## Requirement
Exercise in exact copying: restate word for word only the lines below from the one containing "Ferry Boat Cars" through the one containing "For followers vs For people who don't judge", omitting any pictures.
(Data for this task begins)
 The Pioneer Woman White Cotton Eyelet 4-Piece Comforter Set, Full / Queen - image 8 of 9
(Data for this task ends)
(Data for this task begins)
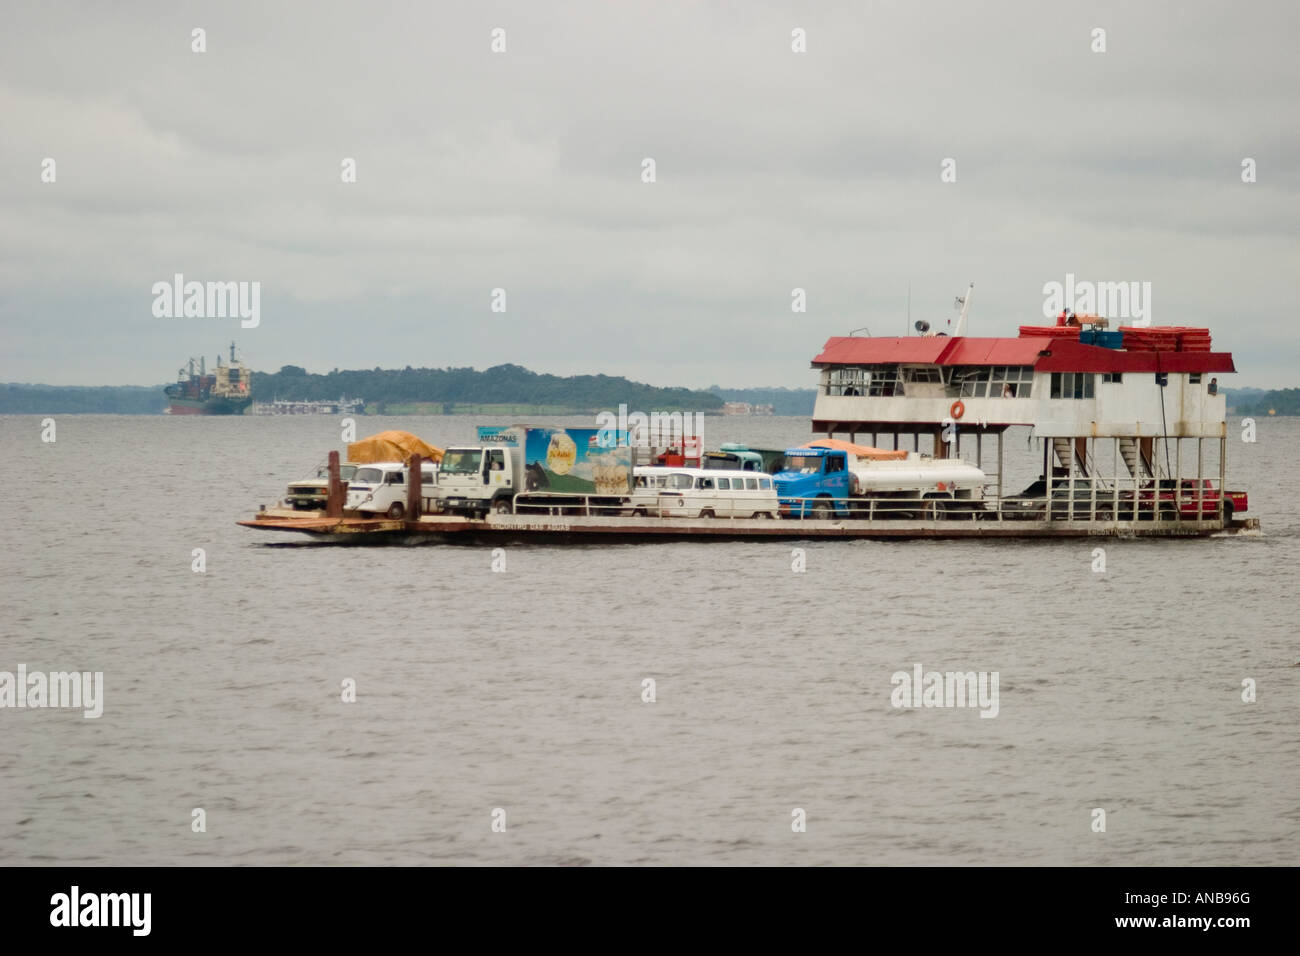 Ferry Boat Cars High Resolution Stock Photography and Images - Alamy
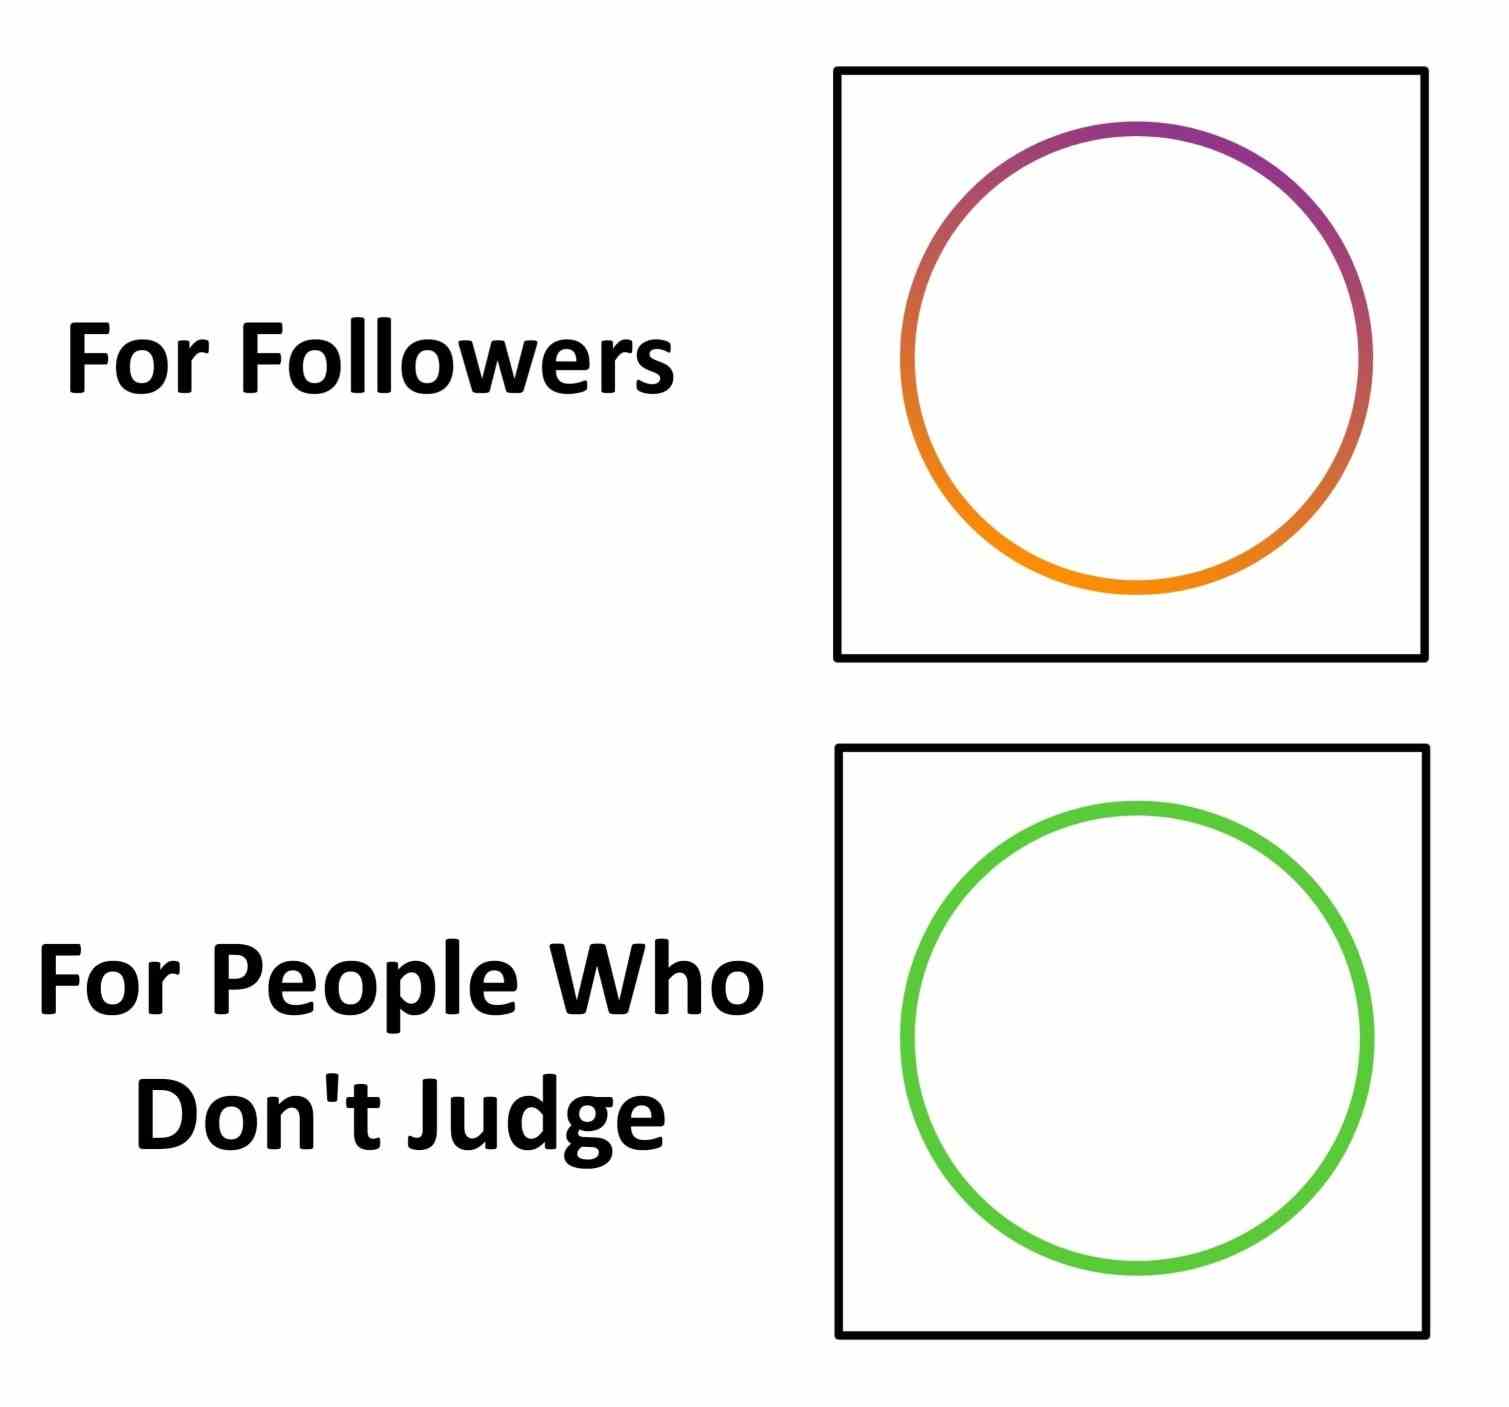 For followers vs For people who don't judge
(Data for this task ends)
## Problem solution
 Ferry Boat Cars High Resolution Stock Photography and Images - Alamy
 For followers vs For people who don't judge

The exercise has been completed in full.